Create FineTuning job using all the data that we have so far.

##### Create marketplace subscription for 3P models
Note: Skip this step for 1P(Microsoft) models that are offered on Azure. Example: Phi family of models

In [None]:
model_id_to_subscribe = "/".join(foundation_model.id.split("/")[:-2])
print(model_id_to_subscribe)

normalized_model_name = model_name.replace(".", "-")

In [None]:
from azure.ai.ml.entities import MarketplaceSubscription


subscription_name = f"{normalized_model_name}-sub"

marketplace_subscription = MarketplaceSubscription(
    model_id=model_id_to_subscribe,
    name=subscription_name,
)

# note: this will throw exception if the subscription already exists or subscription is not required (for example, if the model is not in the marketplace like Phi family)
try:
    marketplace_subscription = (
        workspace_ml_client.marketplace_subscriptions.begin_create_or_update(
            marketplace_subscription
        ).result()
    )
except Exception as ex:
    print(ex)

#### Define finetune parameters

##### There are following set of parameters that are required.

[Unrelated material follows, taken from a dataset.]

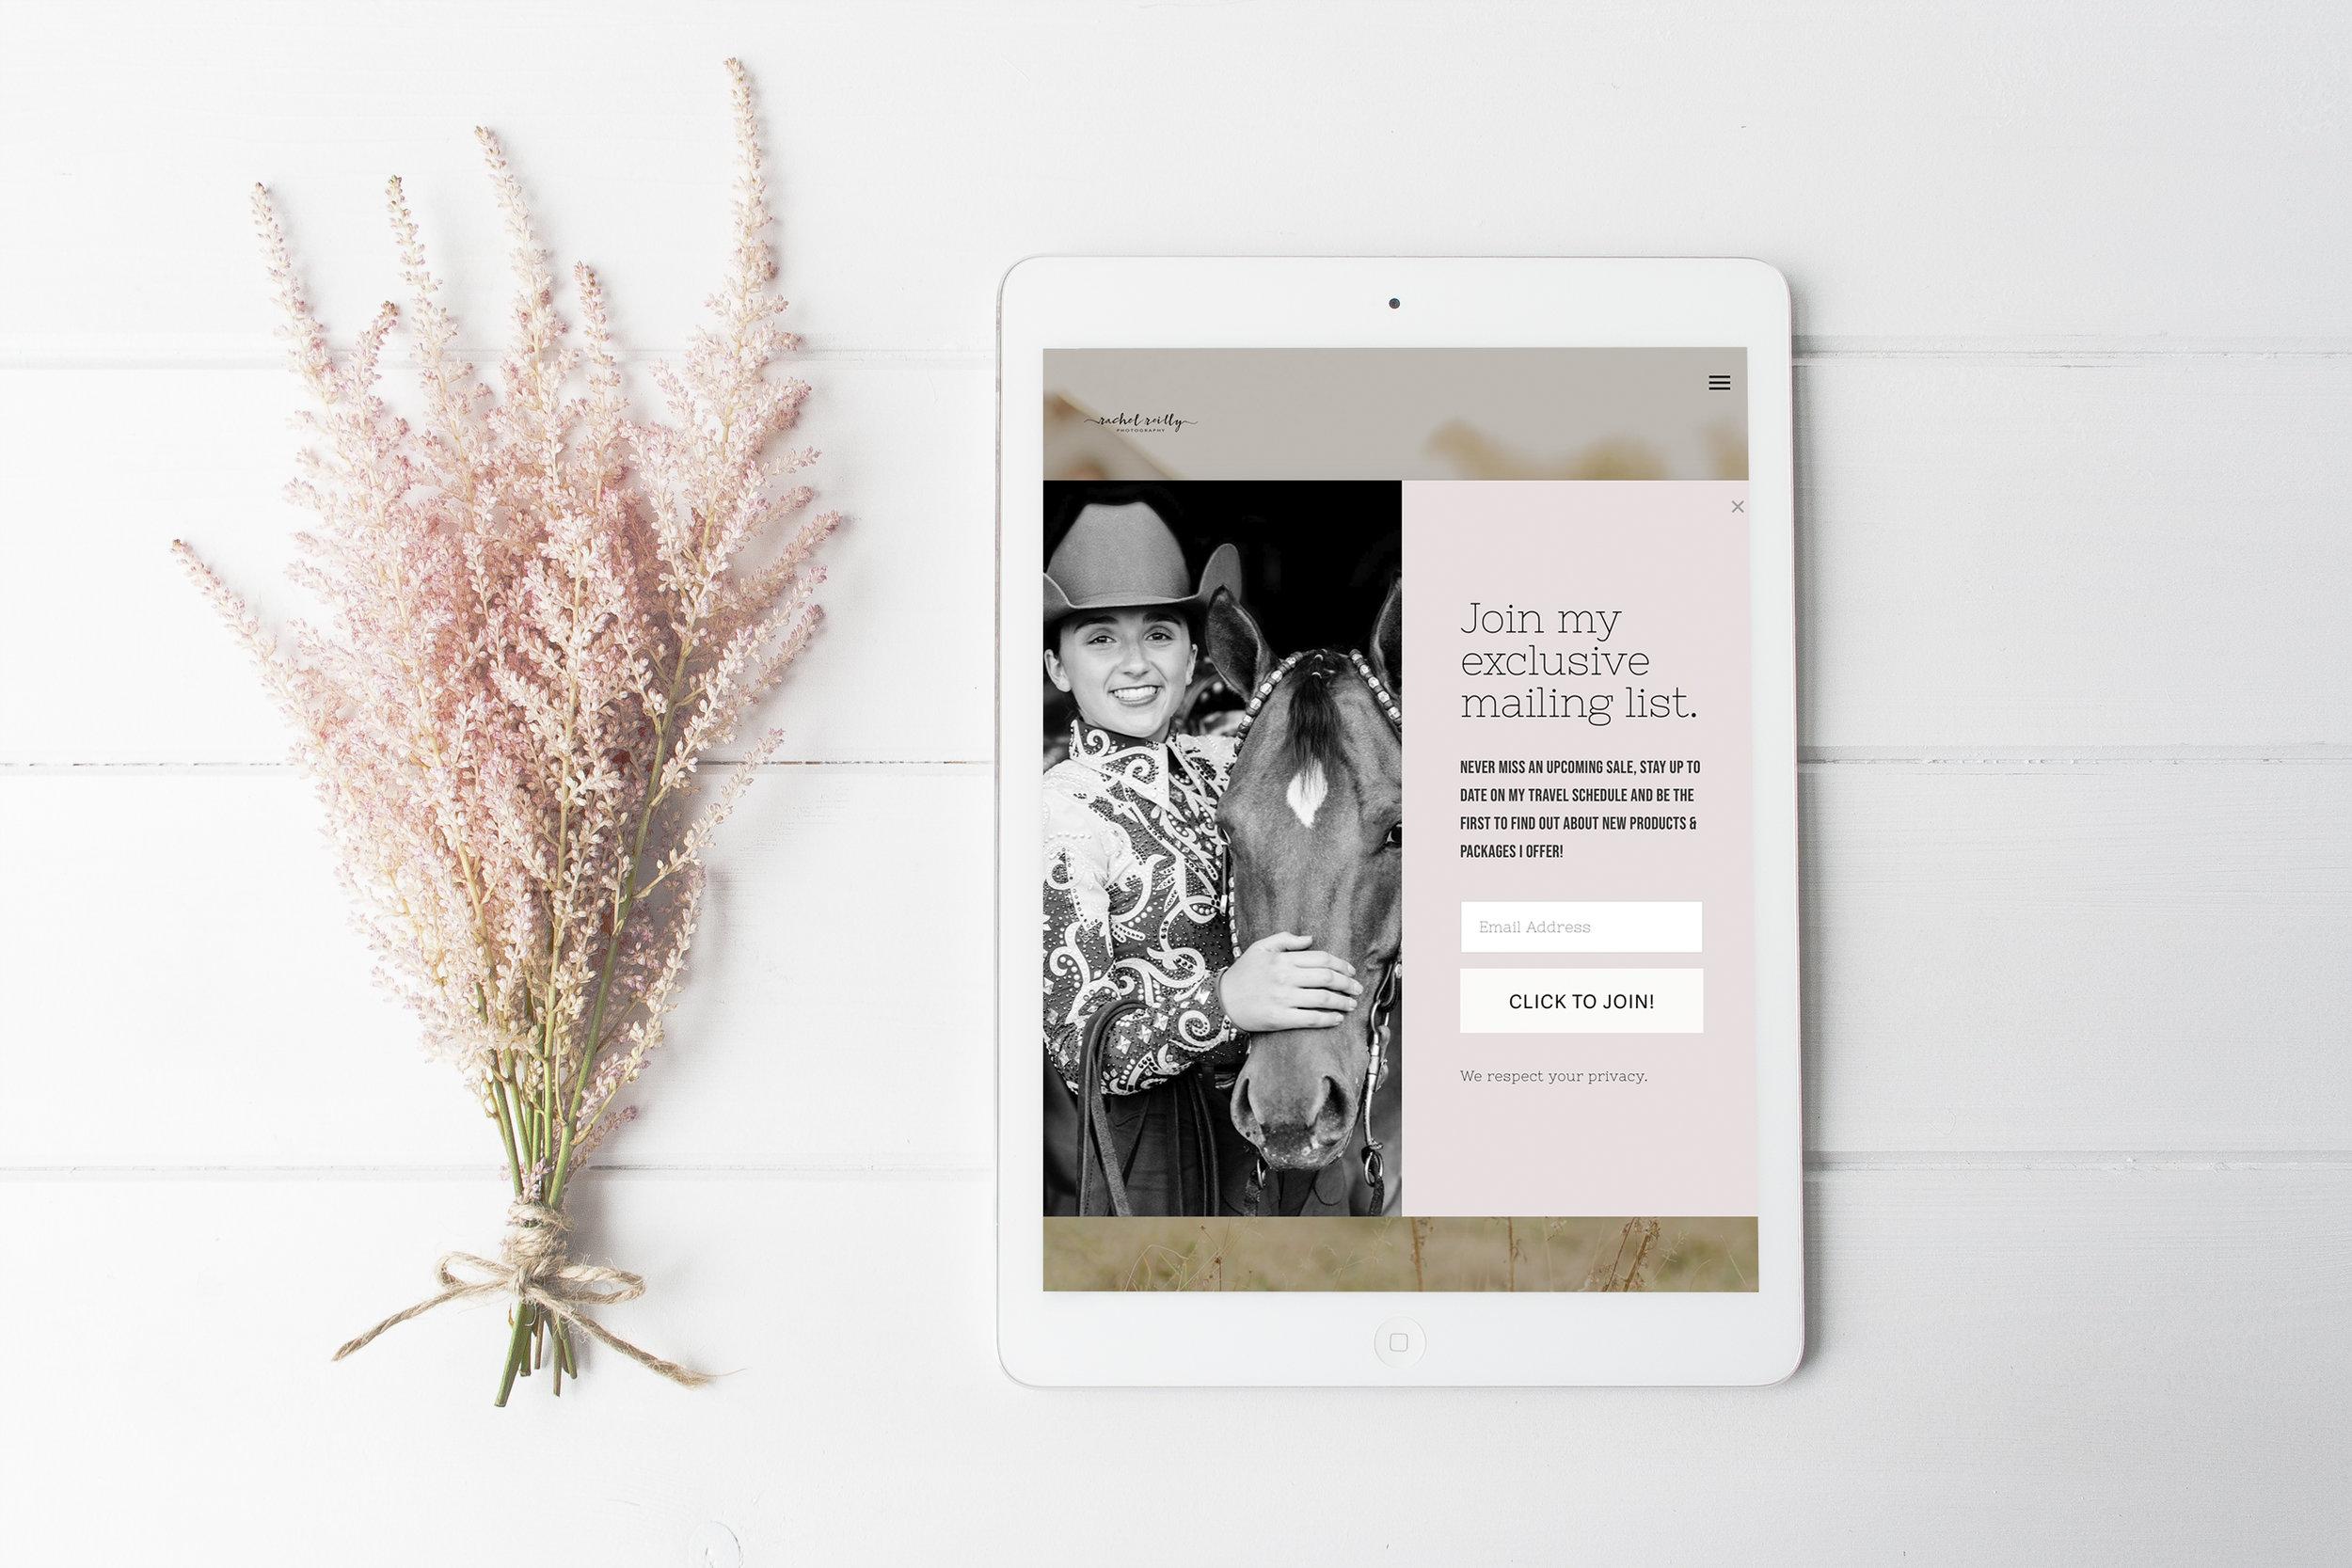 ETSY_310815_iPad.jpg
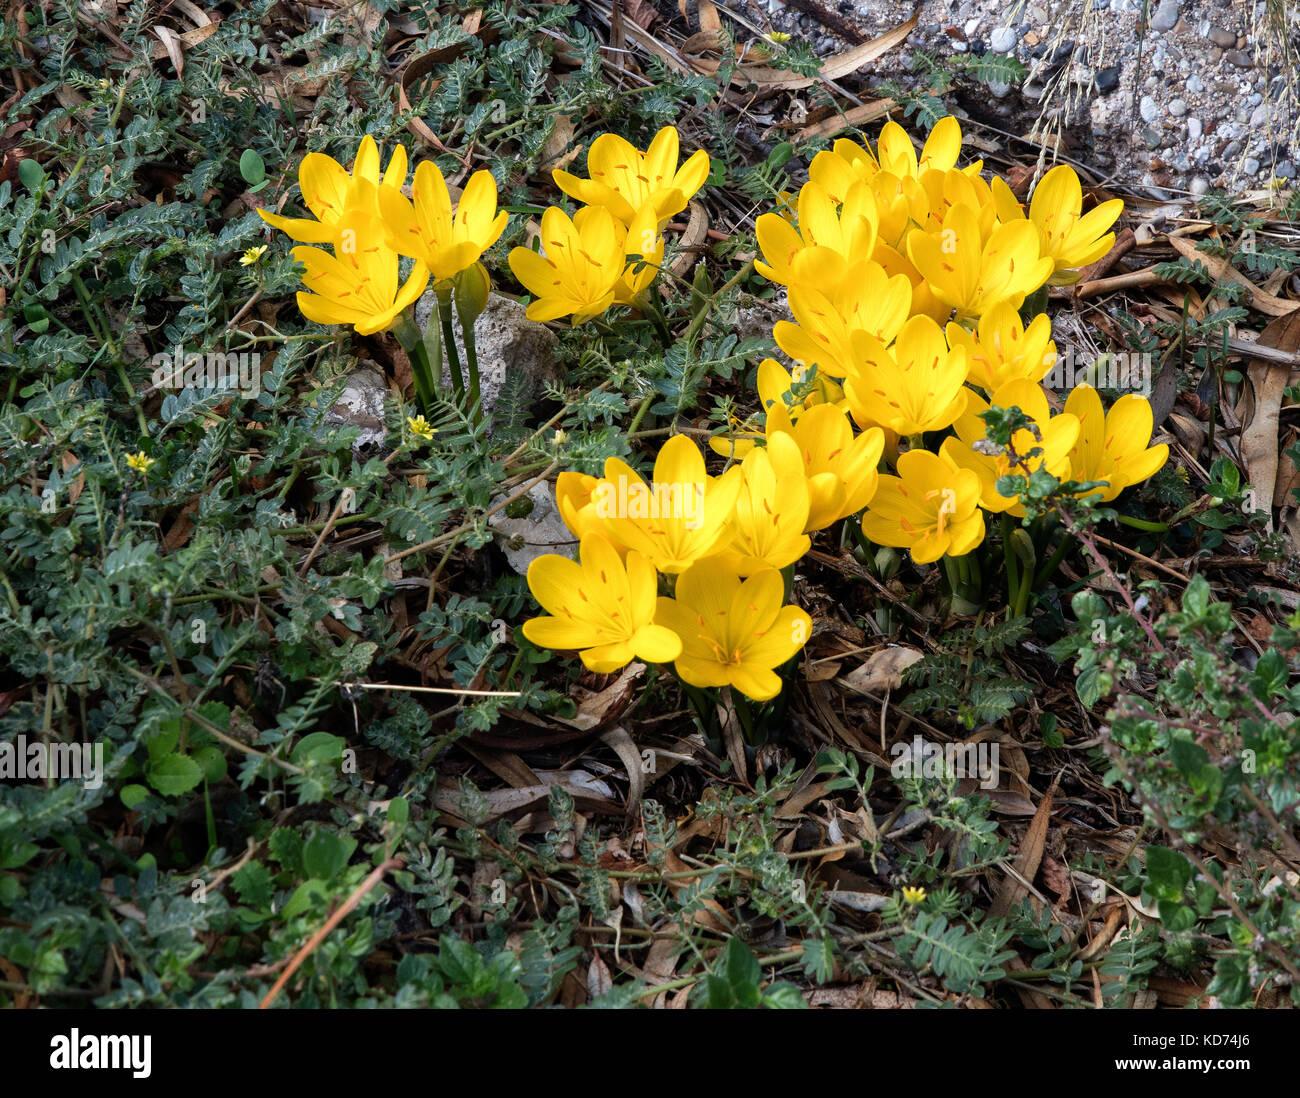 Yellow autumn crocus ( ? Sternbergia lutea ) emerging amongst roadside vegetation in a village on the island of - Stock Image

1. `model` - Base model to finetune.
2. `training_data` - Training data for finetuning the base model.
3. `validation_data` - Validation data for finetuning the base model.
4. `task` - FineTuning task to perform. eg. TEXT_COMPLETION for text-generation/text-generation finetuning jobs.
5. `outputs`- Output registered model name.

##### Following parameters are optional:

1. `hyperparameters` - Parameters that control the FineTuning behavior at runtime.
2. `name`- FineTuning job name
3. `experiment_name` - Experiment name for FineTuning job.
4. `display_name` - FineTuning job display name.

In [None]:
from azure.ai.ml.entities._job.finetuning.custom_model_finetuning_job import (
    CustomModelFineTuningJob,
)
import uuid
from azure.ai.ml._restclient.v2024_01_01_preview.models import (
    FineTuningTaskType,
)
from azure.ai.ml.entities._inputs_outputs import Output

guid = uuid.uuid4()
short_guid = str(guid)[:8]

finetuning_job = CustomModelFineTuningJob(
    task=FineTuningTaskType.CHAT_COMPLETION,
    training_data=training_data,
    validation_data=validation_data,
    hyperparameters={
        "per_device_train_batch_size": "1",
        "learning_rate": "0.00002",
        "num_train_epochs": "1",
    },
    model=model_to_finetune,
    display_name=f"ft-job-display-name-{short_guid}",
    name=f"ft-job-{short_guid}",
    experiment_name="ft-job-finetuning-experiment",
    outputs={
        "registered_model": Output(
            type="mlflow_model", name=f"ft-job-finetune-registered-{short_guid}"
        )
    },
)

In [None]:
created_job = workspace_ml_client.jobs.create_or_update(finetuning_job)
workspace_ml_client.jobs.get(created_job.name)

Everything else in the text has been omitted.